Examples such as the wrasse abound among animals, as unfamiliar as they
may be to us. While we sometimes think of biological sex being
genetically pre-determined, these examples make clear that it is not so
simple or deterministic.
How could we alter our understanding of biological “sex determination”
in order to better represent what we see in the world around us? That
is, can you describe a possible mechanism or mechanisms by which sex
determination (i.e., type of gametes produced) occurs in eukaryotes?
(More on variation in sex determination next week!)
There are a wide variety of
reasonable responses here and we’re going to discuss how organisms do
this next week both in video lectures and via case study. What I’d
suggest here is to try to think clearly about what we mean (as
biologists) when we say “sex” and “sex determination”. It’s clear that
not all organisms use a genetic mechanism of sex determination. But at
the same time, gamete production and secondary sex characteristics are
clearly things an organism’s body produces based on information
available in its genome – there is a genetic basis. What’s important is
which gene pathways are activated or repressed in the organism’s genome.
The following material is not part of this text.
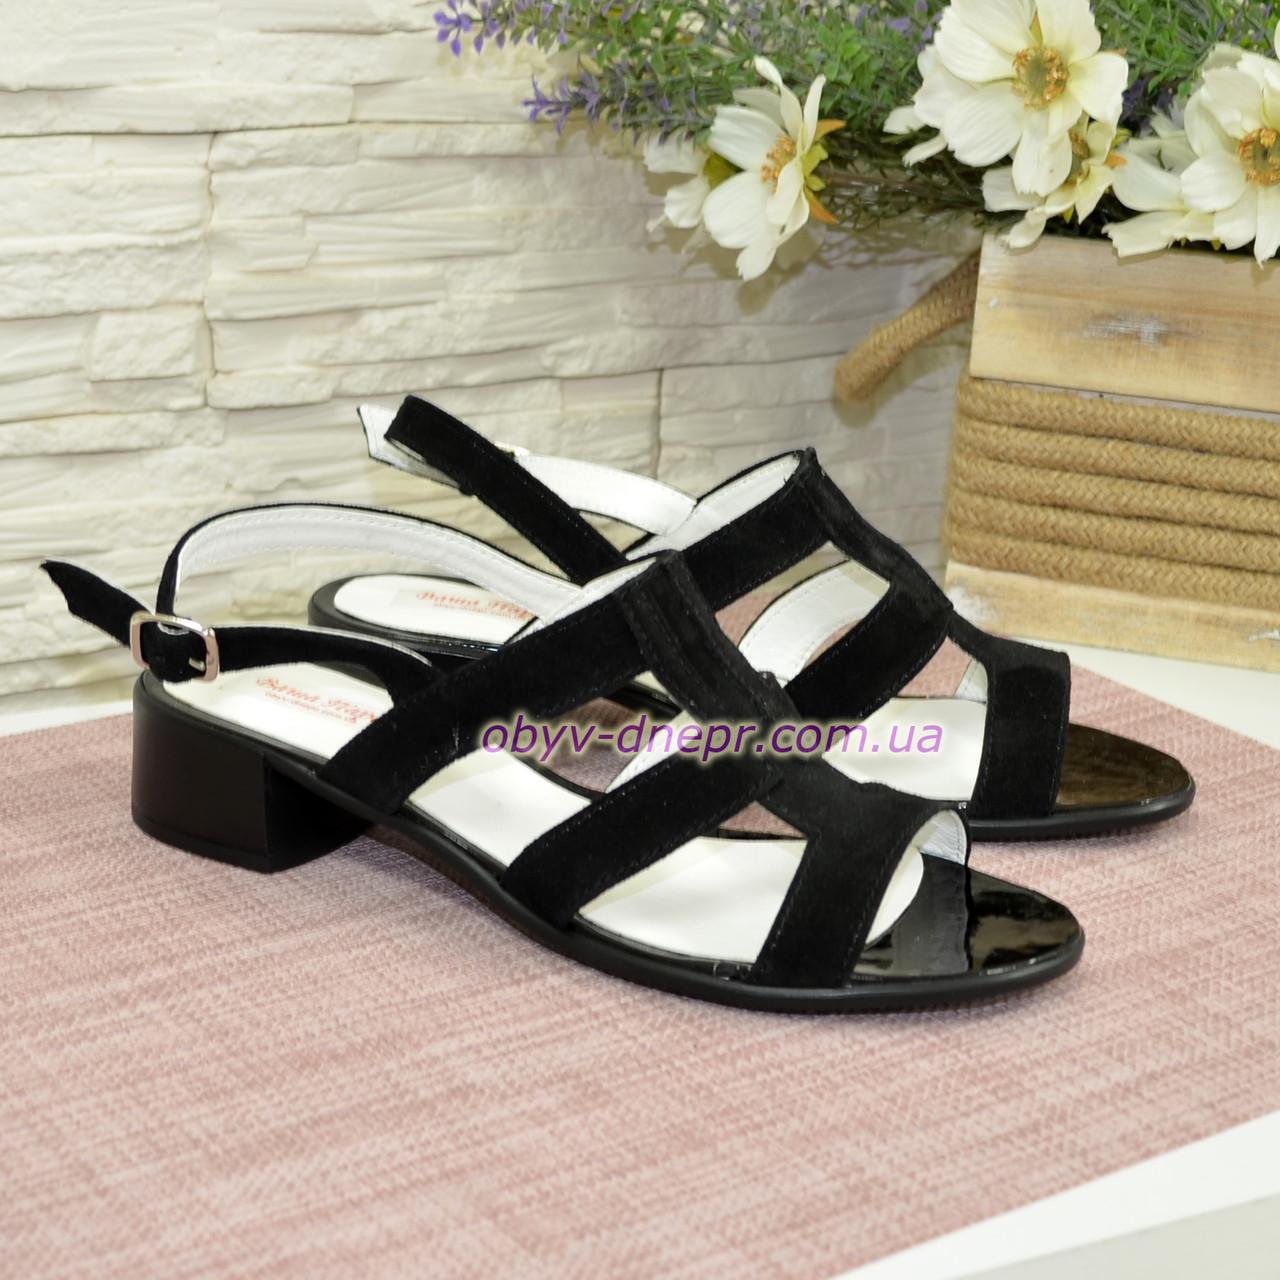 Женские замшевые босоножки на маленьком каблуке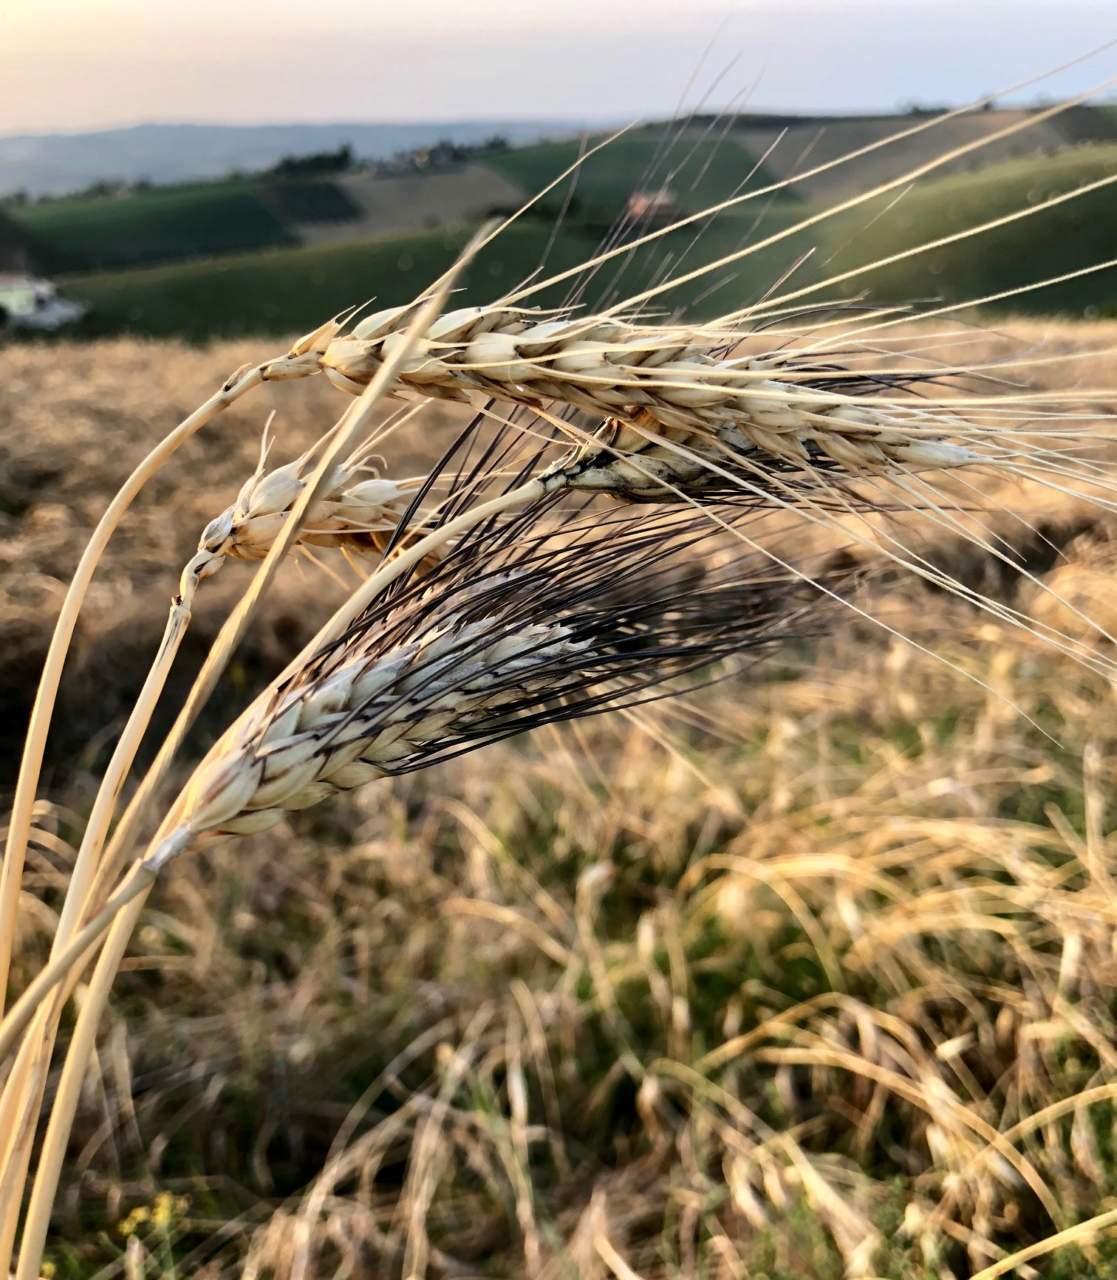 Spighe e campo di grano duro di antiche varietà

If everyone has the ability to produce either male or female gametes (or
even both at once), then it’s gene regulation that determines which
thing a given individual does, in response to some signal, internal or
external. In organisms with sex chromosomes, it’s not so different.
Genes on the X and Y chromosomes are regulatory – they turn on or off
pathways of other genes (mostly on autosomes) that lead to the
development of gonads and secondary sex characteristics.